Jyotish will help those who are ready and willing to see how the light of the stars, the motions of the planets, and the cycles of the universe are all connected to the individual as an expression of energy and matter across time and space, from infinity to infinity.

Here’s a brief link explaining the conversion of energy to matter as Einstein theorized it: https://youtu.be/n8wXKRBLcn4

Five W’s and an H

The who, what, where, when, why, and how of this site

At Home in the Universe

I’m Stephen Russell, Vedic Astrologer and student of Dr. David Frawley, available to assist you with a range of services based on the ancient practice of Jyotisha Vedanga or Vedic Astrology.

Jyotish originated more than 5000 years ago on the foothills of the Himalayas in northwest India. There, on the banks of the Saraswati River, rose a civilization that would transmit to the world Jyotish, Yoga, Ayurveda, Vastu, and other Vedic Sciences. From the earliest iterations of the ancient Rishis to the present day, the practice of reading the energetic movement of matter and the concurrent events, possibilities, and challenges represented by the patterns formed has benefited countless generations of seekers toward expanded consciousness and transcendent wisdom.

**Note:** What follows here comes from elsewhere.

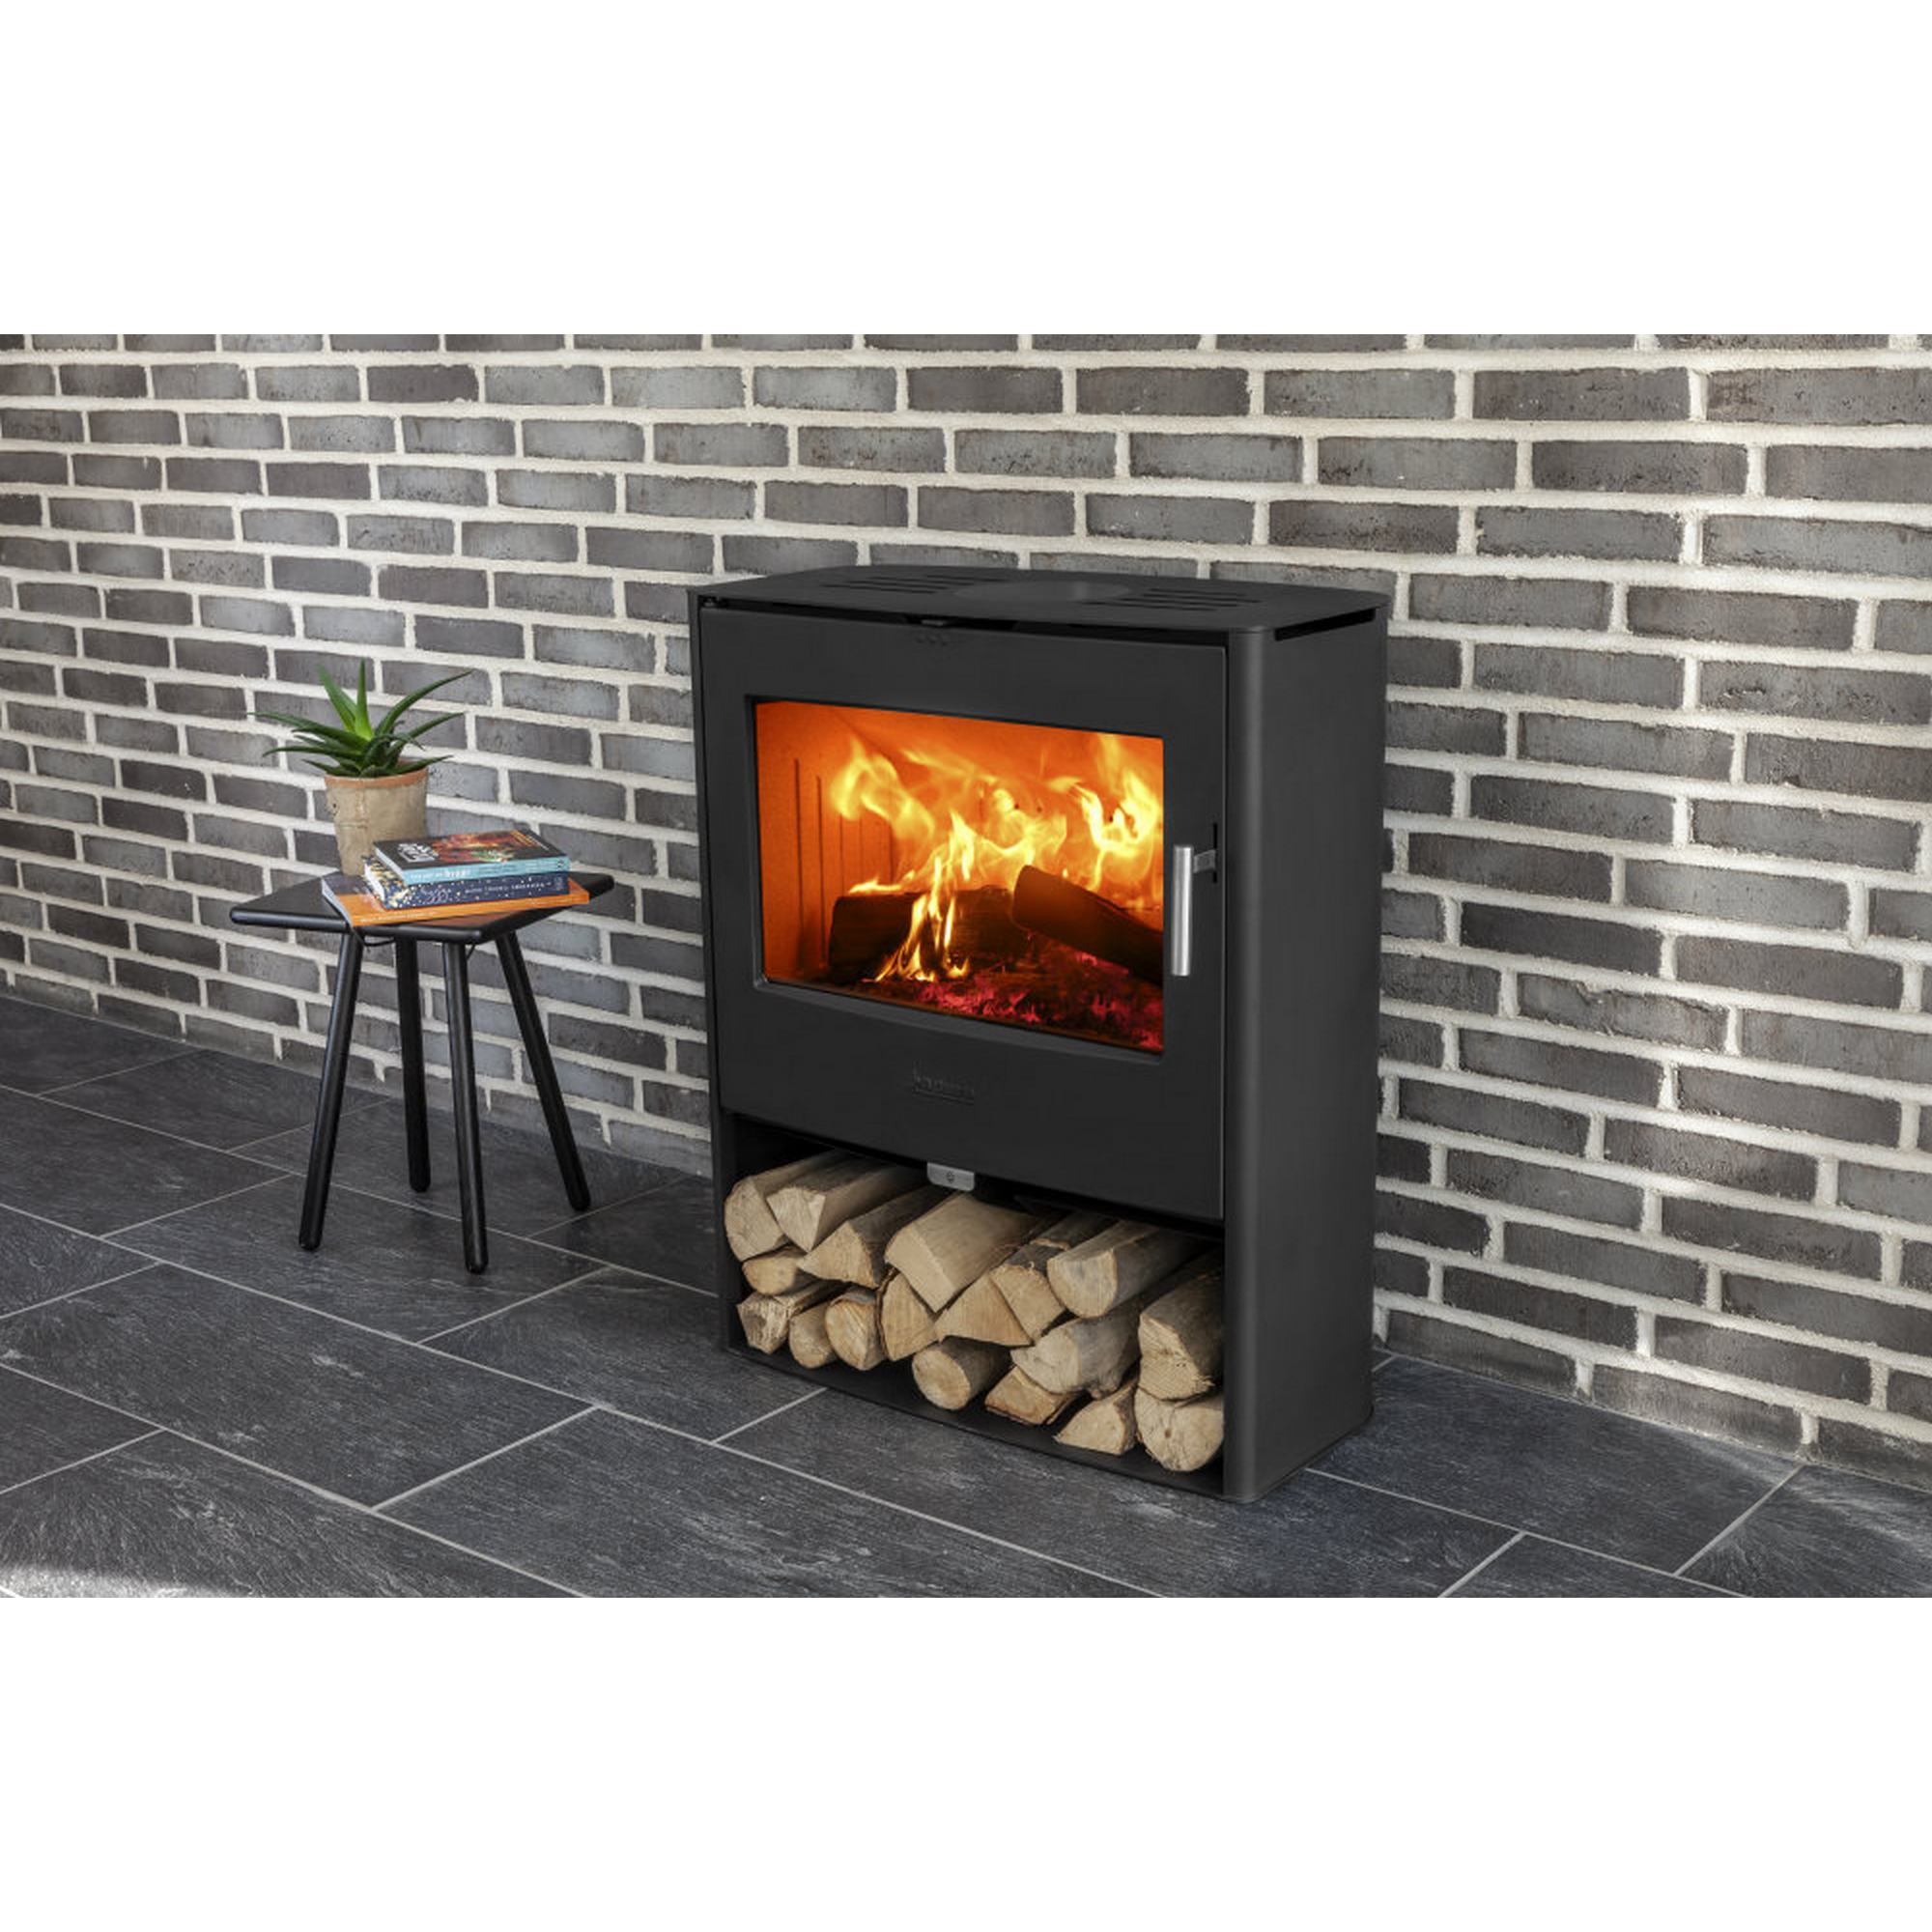 Kaminofen '20' Stahl 6,5 kW + product picture

I first became aware of Jyotish — sometimes called Vedic Astrology — in 2017 when my wife gifted me with a birthday reading from a Jyotishi. The information proved unexpectedly helpful as I faced significant changes and challenges in my physical, mental, emotional, financial, and spiritual state. Seeing the benefits almost at once, I undertook to learn how to read the patterns and movement in my Vedic Chart for myself. Eventually, I met others who had an interest in personal improvement and were willing to learn and grow with me. Some are students, some practitioners, the majority are simply people interested in getting the most out of themselves and the time of their lives.

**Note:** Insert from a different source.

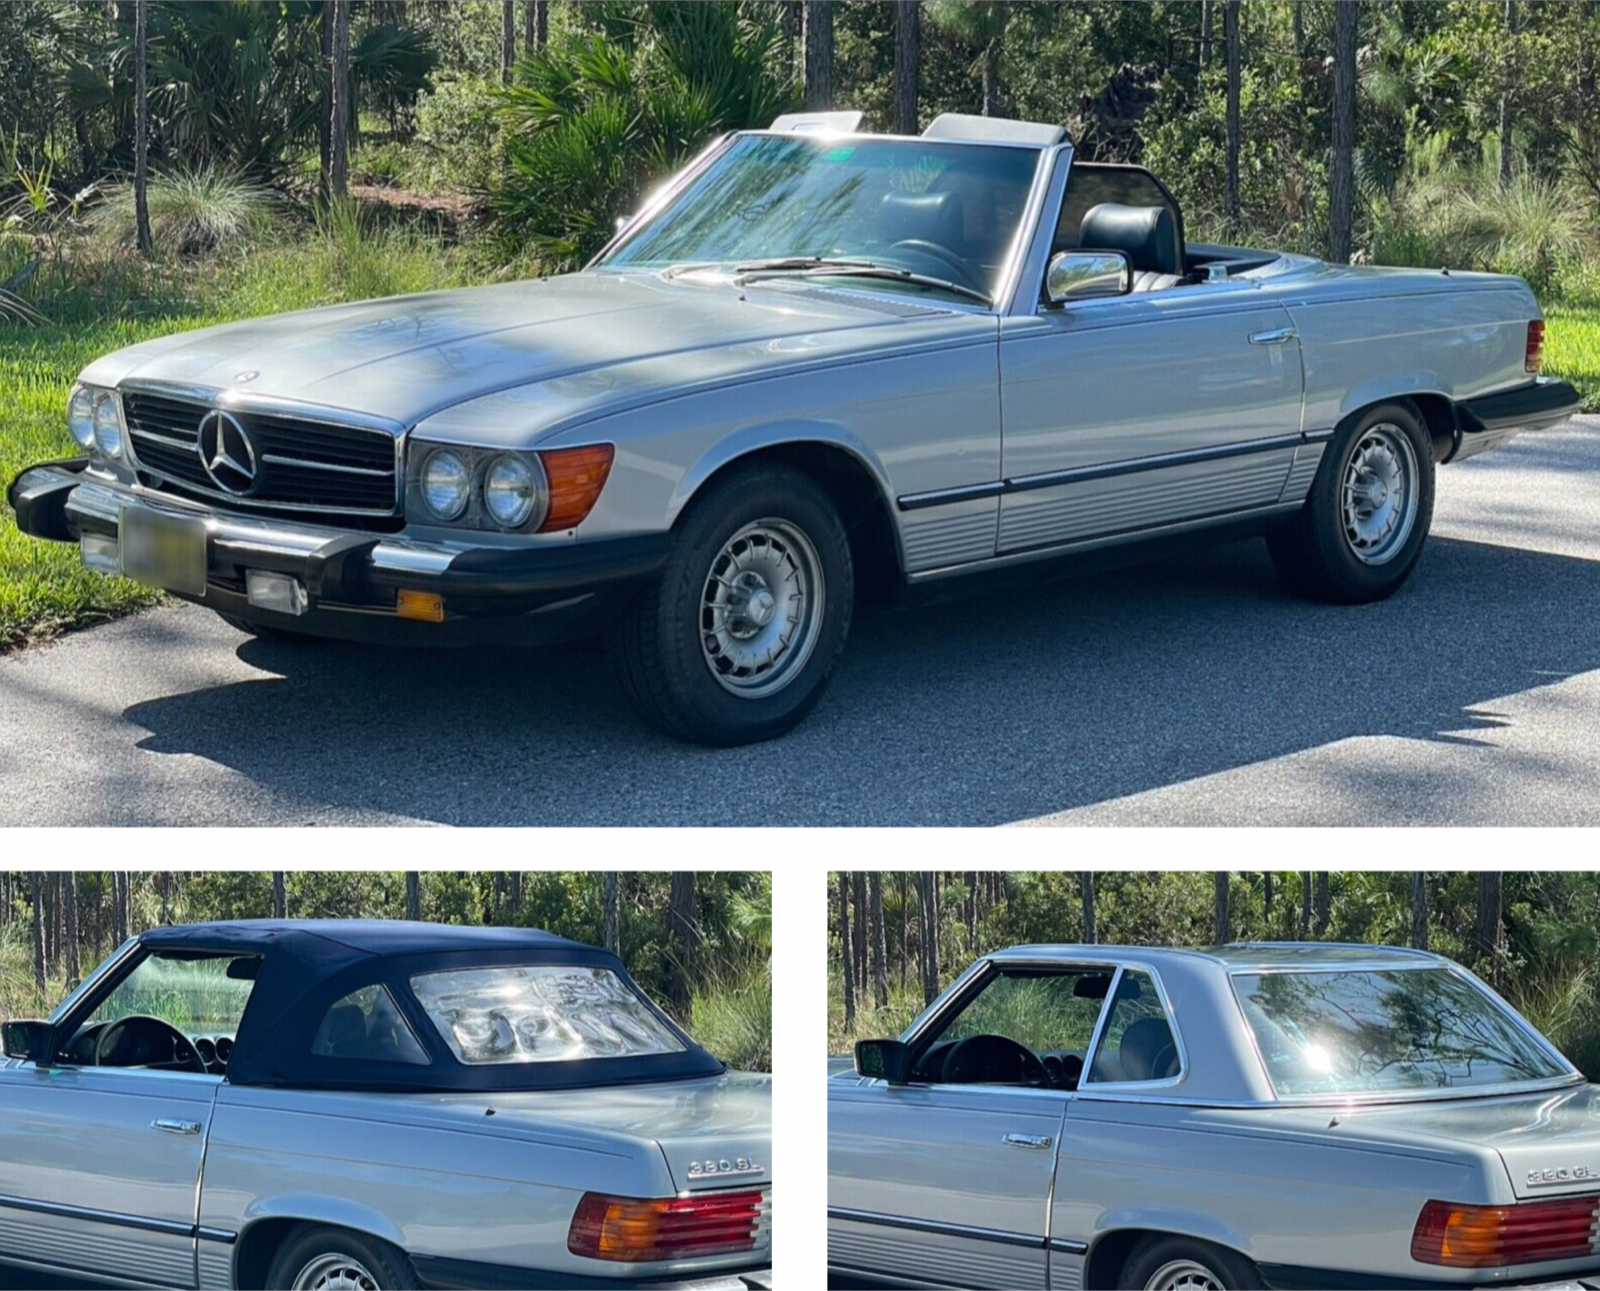 1984 Mercedes-Benz 380SL. Very well maintained. Starts and drives like new!

I began studying Dr. David Frawley’s Ayurvedic Astrology course through the American Institute of Vedic Studies in early 2018 and received my certificate of successful completion in July 2020. I retired from a long career in management in September 2018 and now spend my time learning and consulting as a Vedic Astrologer, teaching an online literature course, and continuing to explore the connections between living energy and matter. I believe my goal is the same as that of the universe, to move and grow toward a state of balance, unity, expanded consciousness, and ultimate freedom. For individuals seeking to make sense of this many-faceted cosmos wherein all life is found, Jyotisha Vedanga, the science of light, exists as an extraordinary helpmate.

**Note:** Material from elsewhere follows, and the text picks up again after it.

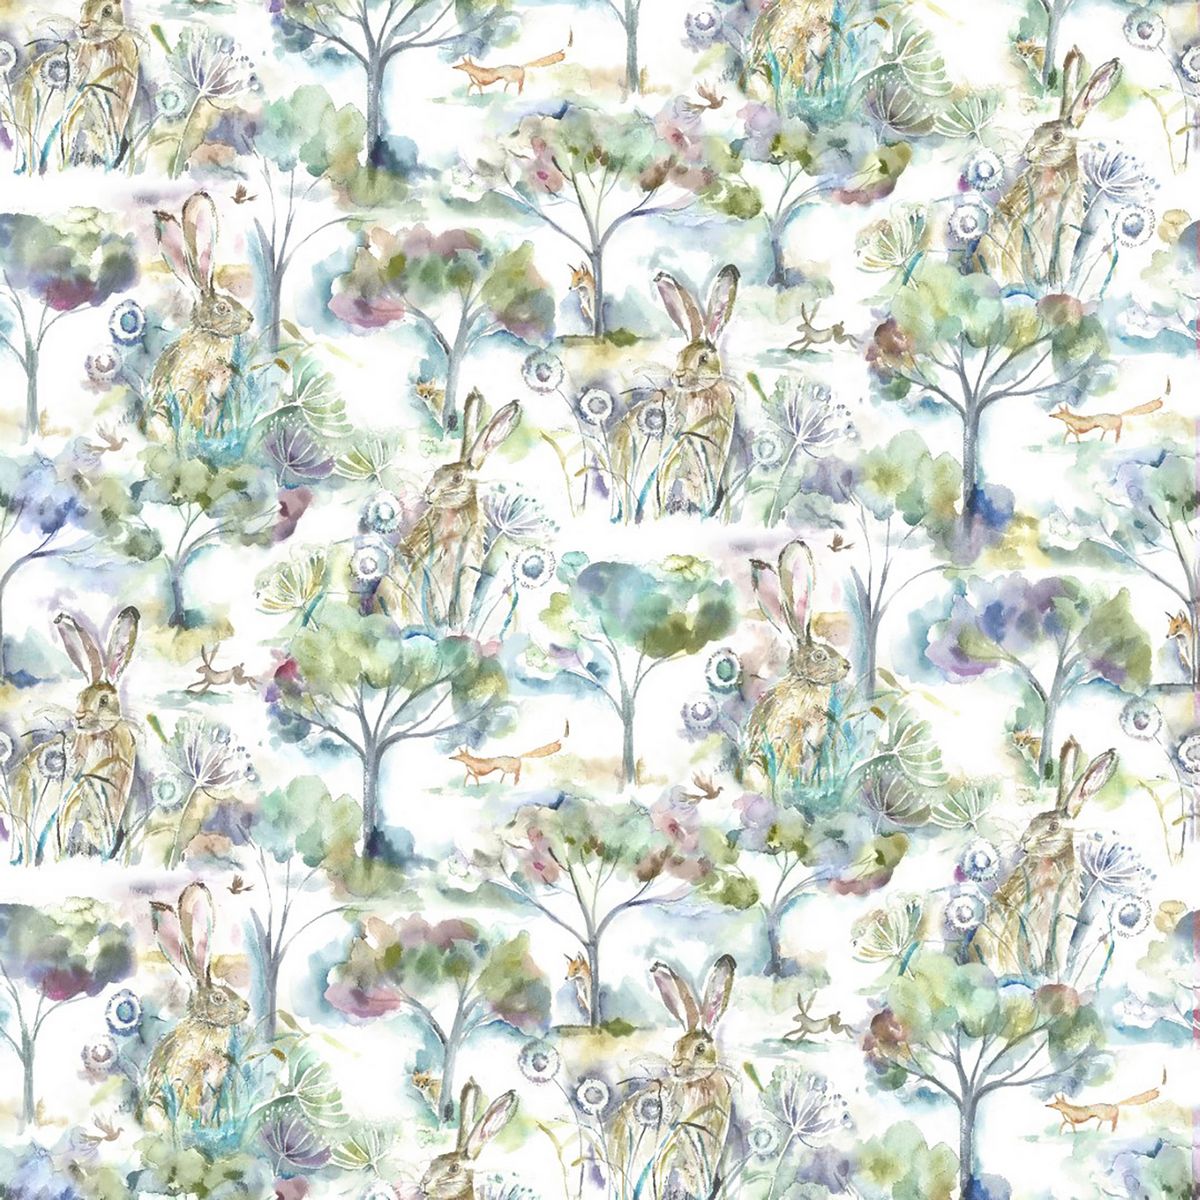 Grassmere Sweetpea Fabric by Voyage Maison

This site operates as a point of contact for those seeking to better understand their own lives, their place in space and time, and the opportunities, benefits, challenges, and lessons of experience and awareness from this lifetime and beyond. Here are links to the paid services I offer, access to free information about Jyotish via this blog, and soon to come a library of both free and paid resources for those interested in becoming Jyotish practitioners both for themselves and others.

Like most wisdom, the learning never ends in the Vedic Sciences. The discoveries of the past fifty centuries are really just restatements of the source and substance of creation, growth, depletion, and renewal. Availing ourselves of this wisdom allows us to do our part in the endless cycle of life as we seek freedom through understanding and aligning with the twin forces of karma and dharma.

You are welcome here. Thank you for visiting.